Digital security and data protection are a priority for every business these days, but one sector of particular concern is the healthcare sector, where the customers are patients and where the data being held is often of the most sensitive kind possible: medical history, financial data, social security numbers and other protected health information (PHI) stored in digital electronic health records (EHR) or electronic medical records (EMR).
Last month, it was revealed that nearly a million records belonging to patients of University of Washington Medicine had been exposed online. For healthcare providers, health plans and other heavily-regulated businesses in the sector, data protection is not just an important business operation but a legal requirement where failure can have devastating consequences for the business and its customers.
What Are Healthcare Data Breaches?
Healthcare data breaches include the loss of medical data due to theft, unauthorized account access, system glitches and malicous hacking. The data could include financial data from a person’s health insurance, as well as protected health information in either hardcopy (paper, film) or digital form.
While in the past data breaches of paper and other hardcopy media from theft were more common, since 2017 network servers and email have now become the most commonly breached media locations. In parallel with this shift, the means of the breach has also moved towards criminal hacking of electronic records, typically through phishing.
Networked digital health records are vital for healthcare businesses to bring advanced benefits to their patients and customers, but the potential of losing vast amounts of data affecting huge numbers of individuals is great if organizations do not take adequate data security measures.
Are Healthcare Data Breaches On The Rise?

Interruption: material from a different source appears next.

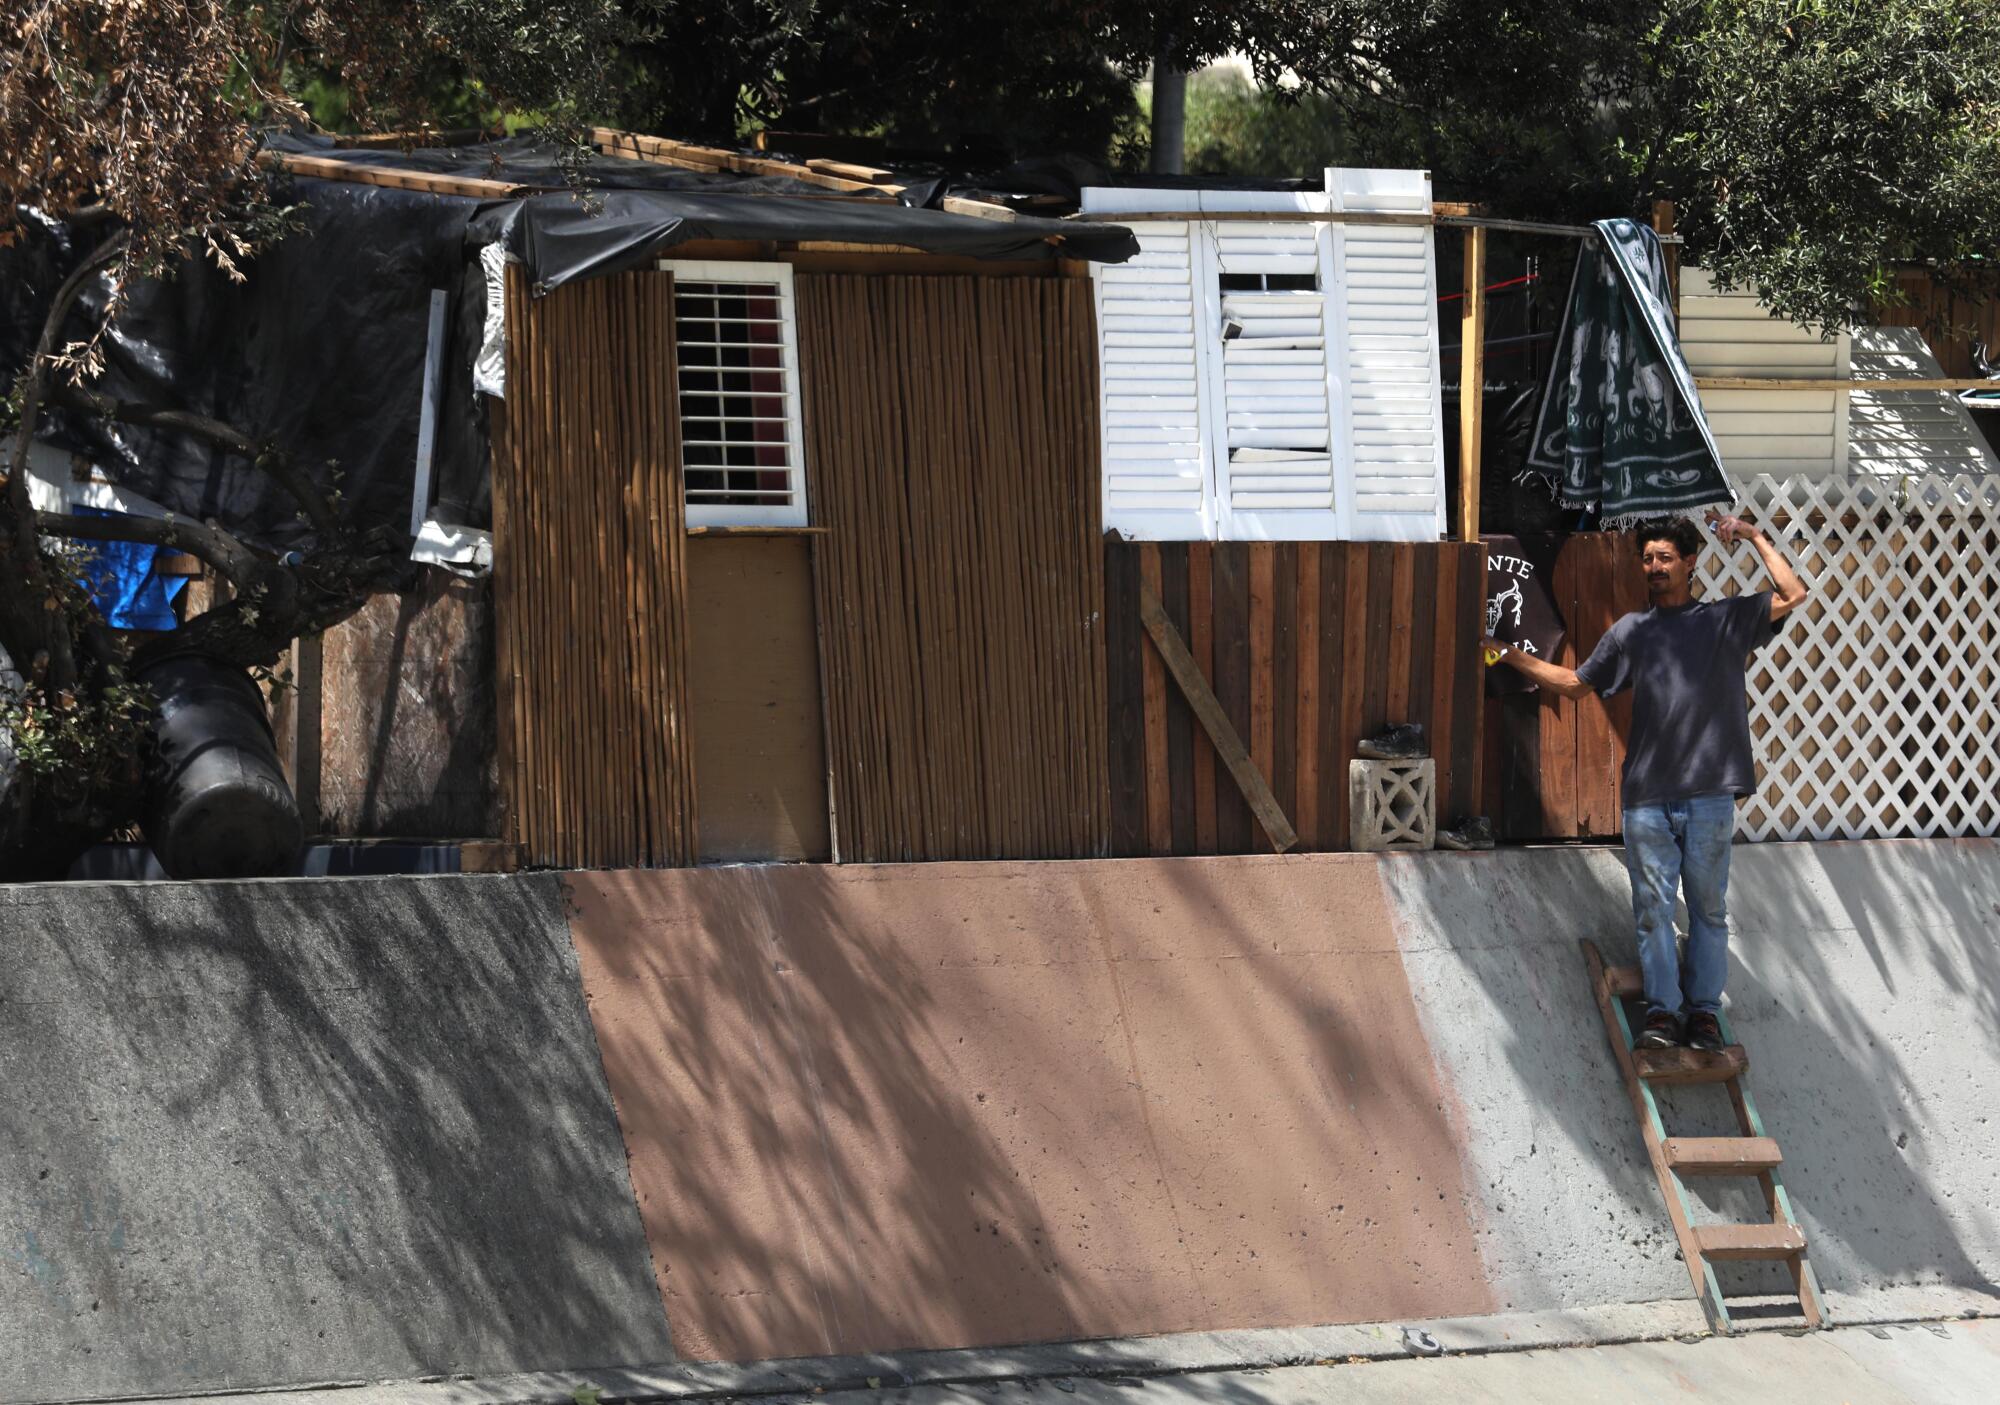 Cesar Augusto stands in front of his home. He arrived in Los Angeles roughly 20 years ago from Guatemala.

The latest figures from HIPAA on healthcare data breaches show that the number of patient records exposed in attacks tripled last year. The figures show a staggering 15 million records were exposed over the last 4 quarters with the number rising each quarter, from just over 1 million records in Q1 to over 6 million in Q4. The number of breaches totalled 503, the highest recorded number to date.
At the same time, the SentinelOne-commissioned report Security Megatrends 2019 found that investment in IT and security in the healthcare sector lags behind almost every other sector, save for manufacturing.
As the report explains, this sector is attractive to hackers because Personal Health Records (PHR) are highly sought-after. PHRs command the highest price on the black market since they can be used for a broad range of crimes from opening fake bank and credit accounts to fraudulent purchases and even full identity theft.
Who Commits Healthcare Data Breaches?
The largest number of breaches over the last 12 months came from hacking and IT incidents. Healthcare data breaches due to hacking and IT incidents reportedly accounted for some 45% of cases; that’s a rise on the year before, and indeed every other year for which we have data. Last year, exposure of healthcare data directly attributable to hacking incidents affected almost 8 million individuals.
Breaches committed by insiders continue to be a key worry, with nearly a third of all incidents whose attribution could be ascertained being insider-related, either from wrongdoing or human error.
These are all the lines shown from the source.